Grant Thornton queries auditor attestation on ICFR proposal

Jul 26, 2019
SEC wants to exempt smaller companies Sarbanes-Oxley requirement

Grant Thornton has raised concerns about a plan to exempt smaller companies from a key component of the Sarbanes-Oxley Act reforms, although the change is being welcomed by companies that would avoid the compliance burden.

The SEC has proposed amending its accelerated filer and large accelerated filer definitions in an effort to lower compliance costs for certain lower-revenue companies. Specifically, the planned changes would mean companies with less than $100 mn in revenues no longer have to obtain an attestation of their internal control over financial reporting (ICFR) from an independent outside auditor.

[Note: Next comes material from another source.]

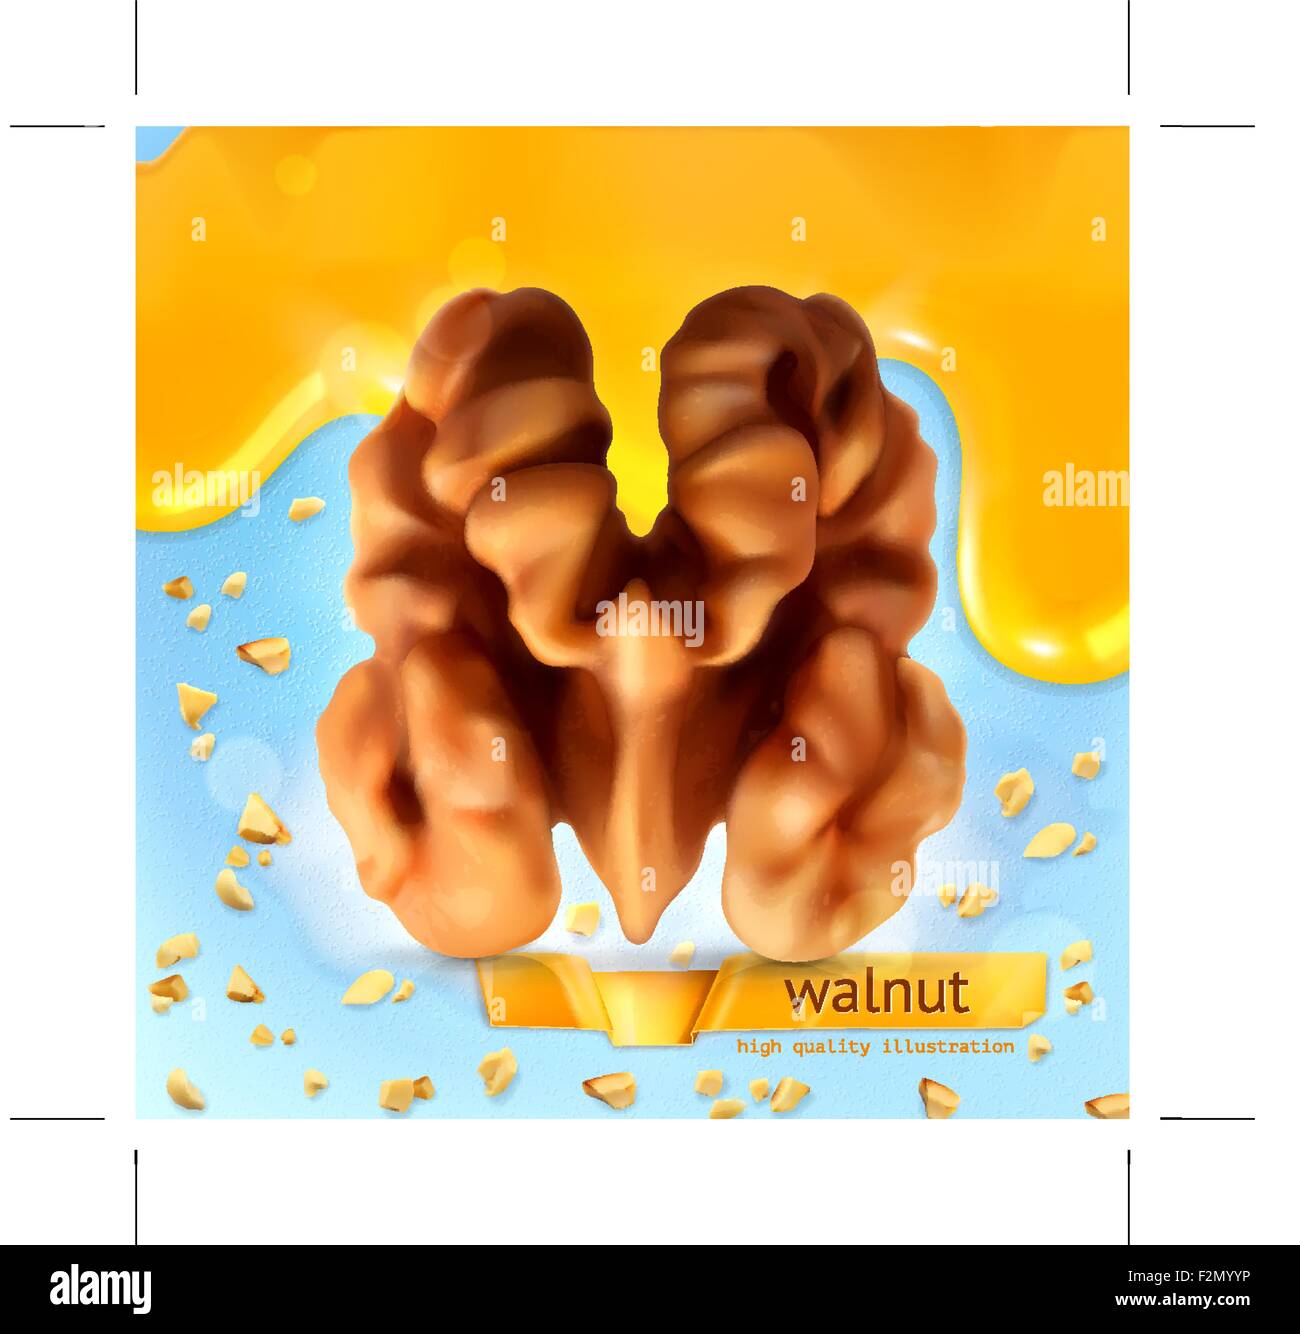 Walnut, vector background Stock Vector

To reach this outcome, the proposal would:

  • Exclude from the accelerated and large accelerated filer definitions an issuer that is eligible to be a smaller reporting company (SRC) and had revenues of less than $100 mn in the most recent fiscal year. SRCs are companies with annual revenues of less than $100 mn, if they have no public float, or a public float of less than $700 mn
  • Increase the transition thresholds for accelerated and large accelerated filers becoming a non-accelerated filer from $50 mn to $60 mn and for exiting large accelerated filer status from $500 mn to $560 mn
  • Add a revenue test to the transition thresholds for exiting both accelerated and large accelerated filer status.

However, the amendments would not change other key Sarbanes-Oxley measures such as independent audit committee requirements, CEO and CFO certifications of financial reports or the requirement that companies establish, maintain and assess the effectiveness of their ICFR.

‘The proposed rules build on the Jobs Act of 2012 and are aimed at a subset of smaller companies where the additional requirement of an ICFR auditor attestation may not be an efficient way of benefiting and protecting investors,’ SEC chair Jay Clayton said in a statement announcing the plans.

‘Investors in these lower-revenue companies will benefit from more tailored control requirements. Many of these smaller companies – including biotech and health care companies – will be able to redirect the savings into growing their companies by investing in research and human capital.’

His sentiments are echoed in several comment letters filed on the proposals by corporate officials. Damian Finio, CFO of Teligent, writes: ‘The certainty and predictability provided by the proposed rule will enable small public companies like ours to prioritize investments in factors that actually determine success or failure in the pharmaceutical industry, such as the science and technology underpinning our company’s potential, expanding our product pipeline.’

In another letter, Christopher Cole, executive vice president and senior regulatory counsel with the Independent Community Bankers of America, writes: ‘In general, we are not concerned that investors might receive less disclosures about material weaknesses in ICFR if the proposal is implemented since non-accelerated filers will remain subject to all the other requirements of accelerated and large accelerated filers including the requirements for establishing, maintaining, and assessing the effectiveness of ICFR and for management to assess internal controls.’

But Grant Thornton has doubts. ‘[W]e believe the auditor attestation on ICFR is an important element of investor protection that promotes accurate ICFR disclosures by management, increases the effectiveness of ICFR and reduces the rate of material misstatements,’ writes Bert Fox, national managing partner of professional standards at the audit firm.

He adds: ‘We believe the proposal would reduce the level of protection afforded to investors in the impacted issuers that would no longer be required to obtain an auditor attestation on ICFR. Accordingly, we do not support the proposed amendments.’

Smaller companies often have limited access to resources such as accounting employees and IT systems, which could increase the risk that they have ineffective ICFR, Fox says. He points to figures in the SEC proposal indicating that between 2014 and 2018, 40.1 percent of non-accelerated filers on average reported ineffective ICFR, compared to 8.8 percent and 4.1 percent of accelerated and large accelerated filers.

‘Further, we believe the auditor attestation on ICFR facilitates the identification and disclosure of material weaknesses by promoting increased management accountability, as well as potentially exposing management to additional expertise regarding methodologies to evaluate the effectiveness of ICFR,’ Fox writes. ‘Auditor involvement may also lead to more timely identification of deficiencies and significant deficiencies, thus reducing the likelihood of a future material weakness.’